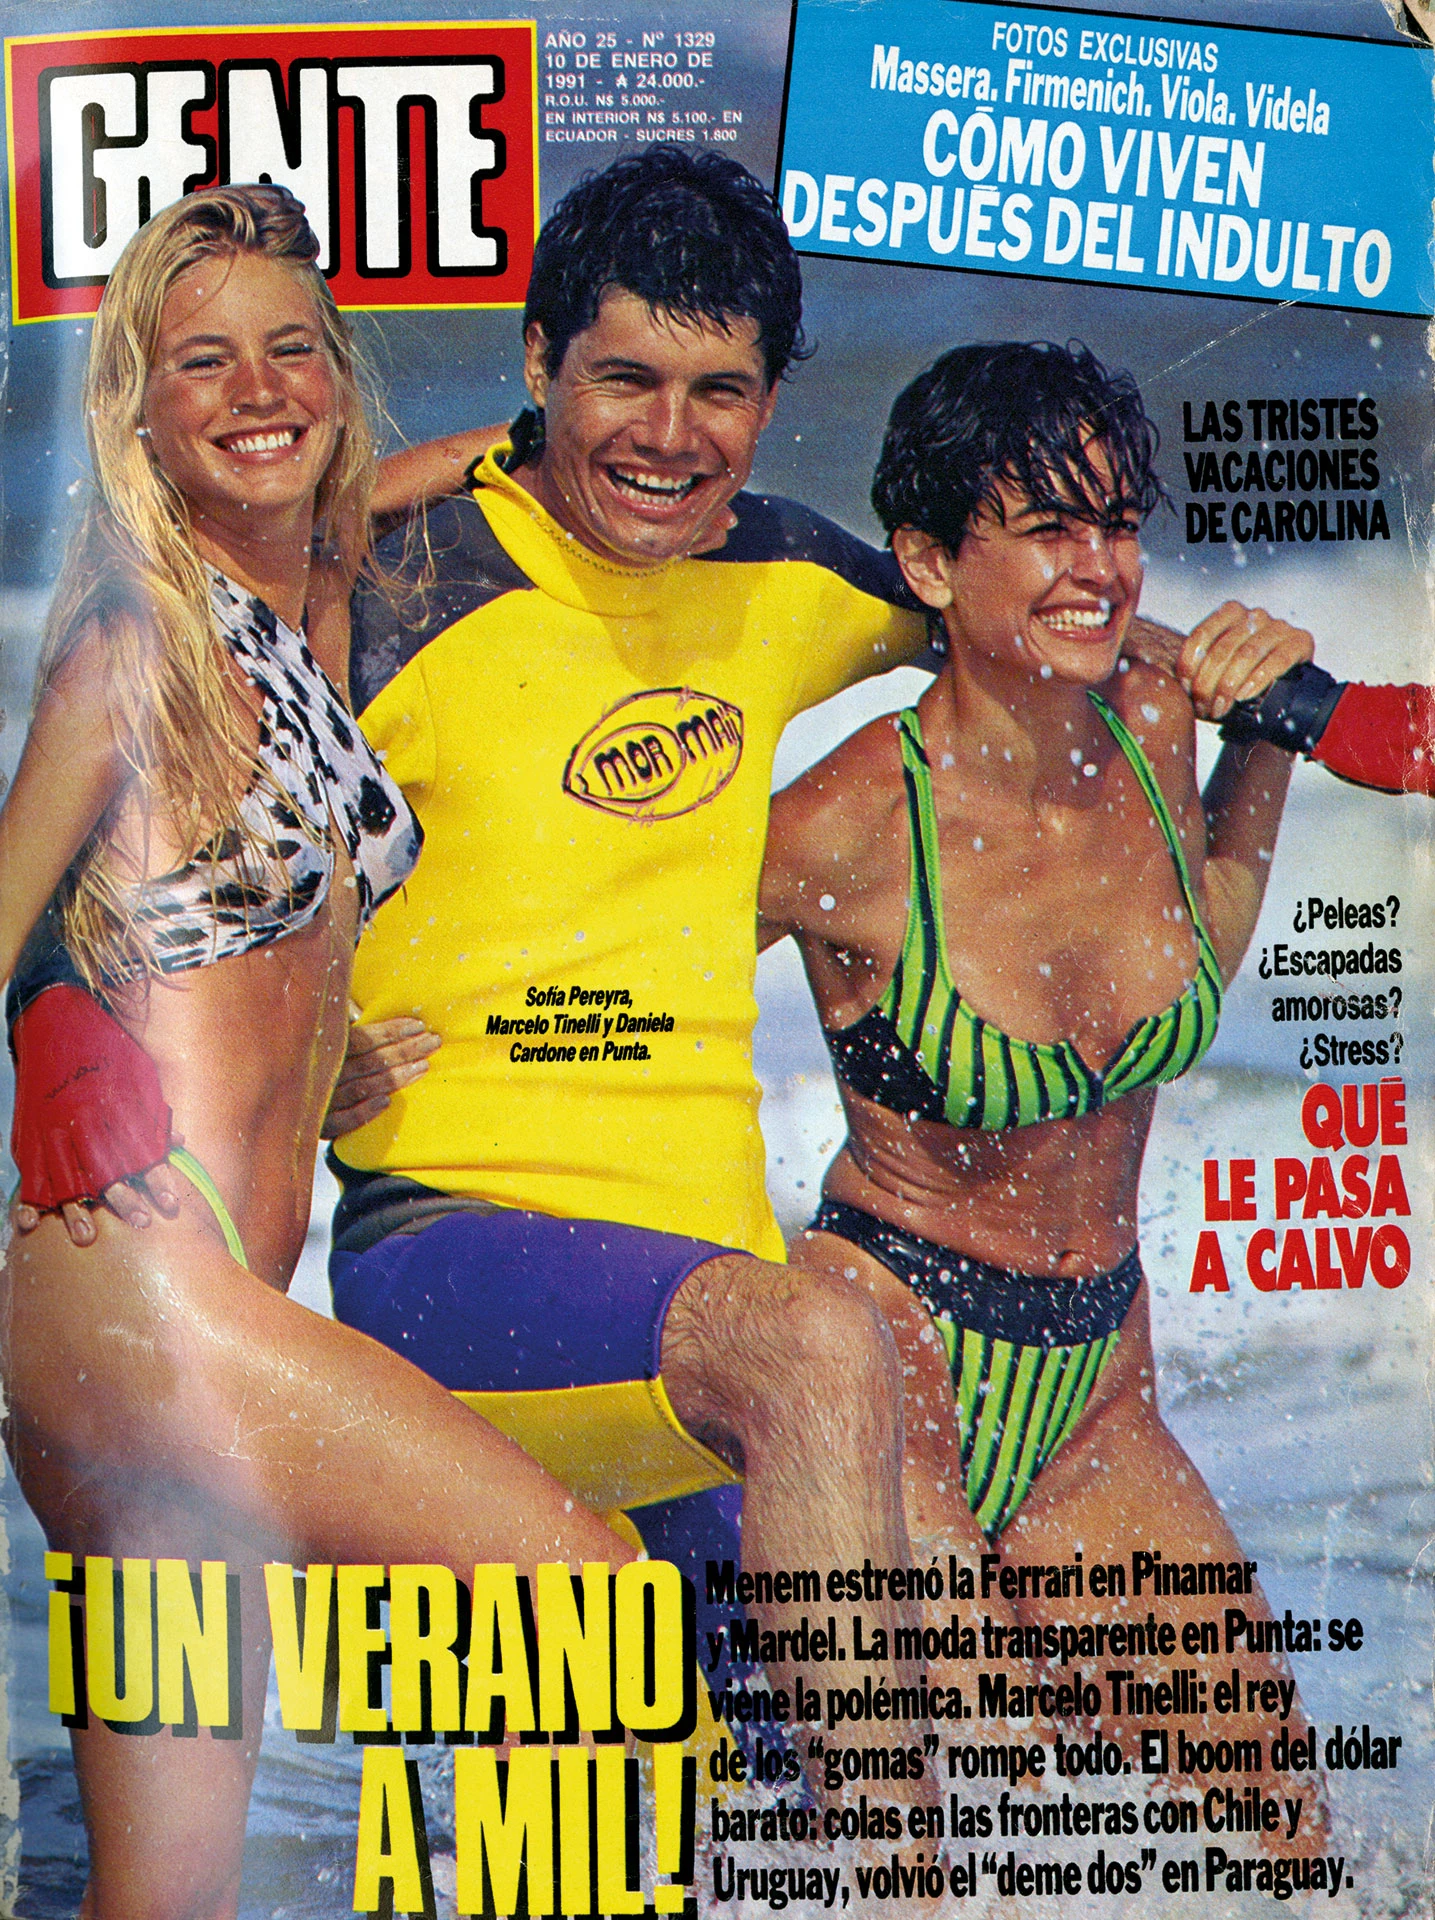 El "Rey de los Gomas" en la tapa veraniega de GENTE de 1991, junto a Daniela Cardone y Sofía Pereyra.
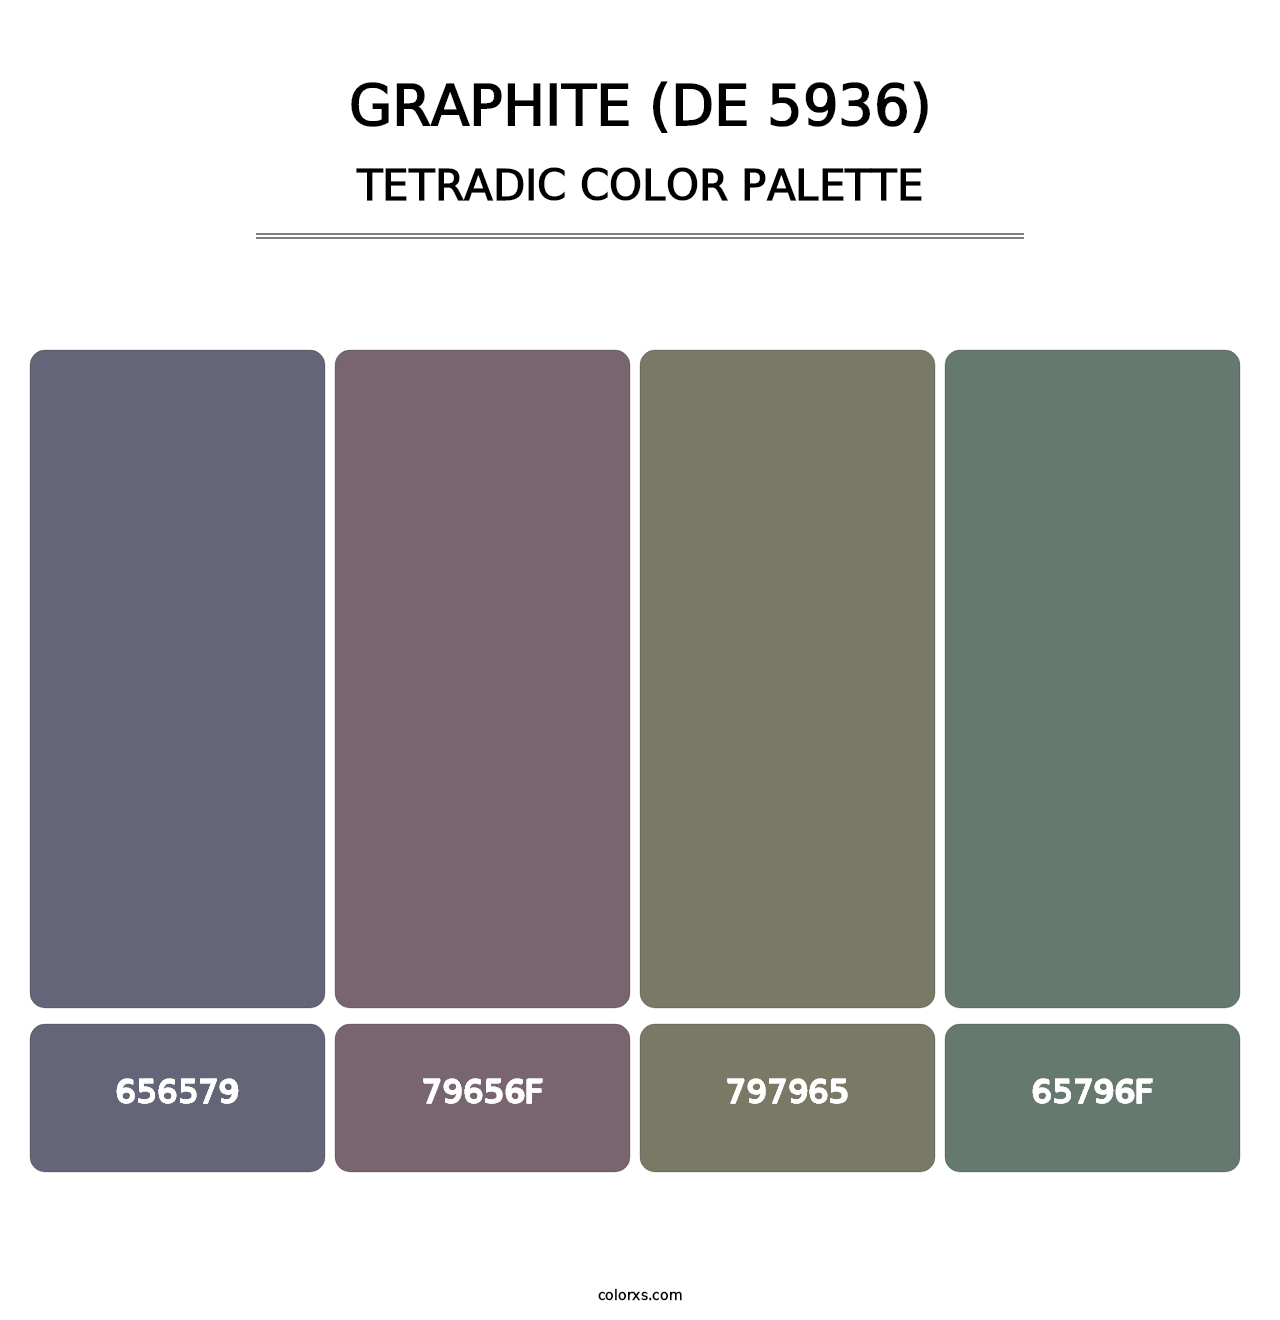 Graphite (DE 5936) - Tetradic Color Palette
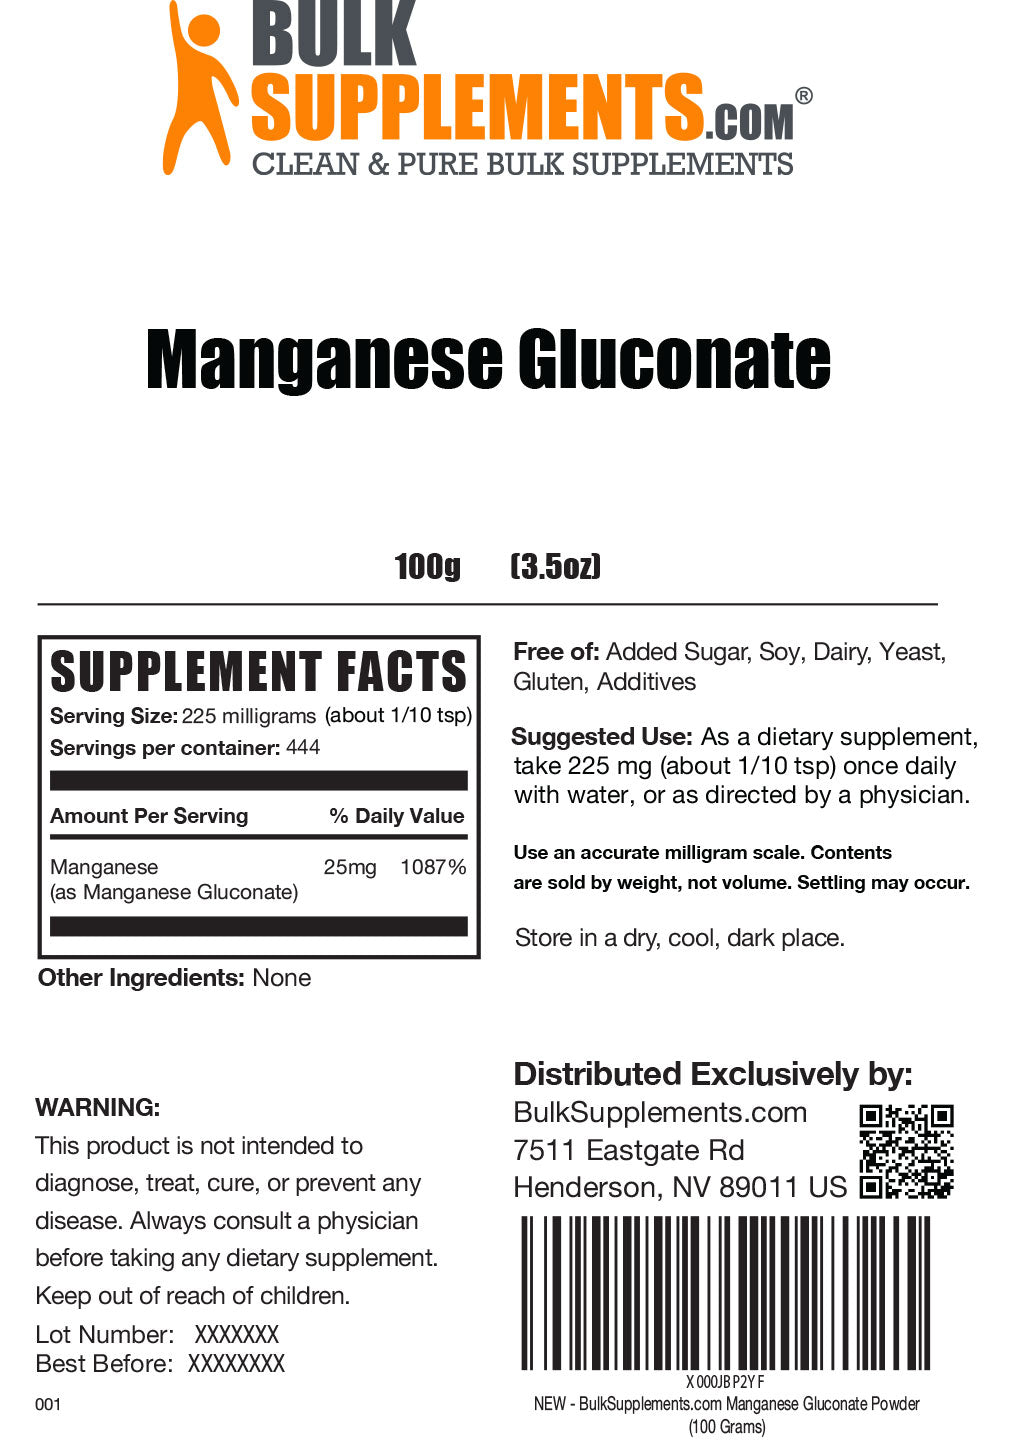 Manganese Gluconate powder label 100g

§ **WORK ORDER**
Return the full listing exactly as it appears above, without its pictures.

§ **WRITTEN REPLY**
 El "Rey de los Gomas" en la tapa veraniega de GENTE de 1991, junto a Daniela Cardone y Sofía Pereyra.
 Graphite (DE 5936) - Tetradic Color Palette
 Manganese Gluconate powder label 100g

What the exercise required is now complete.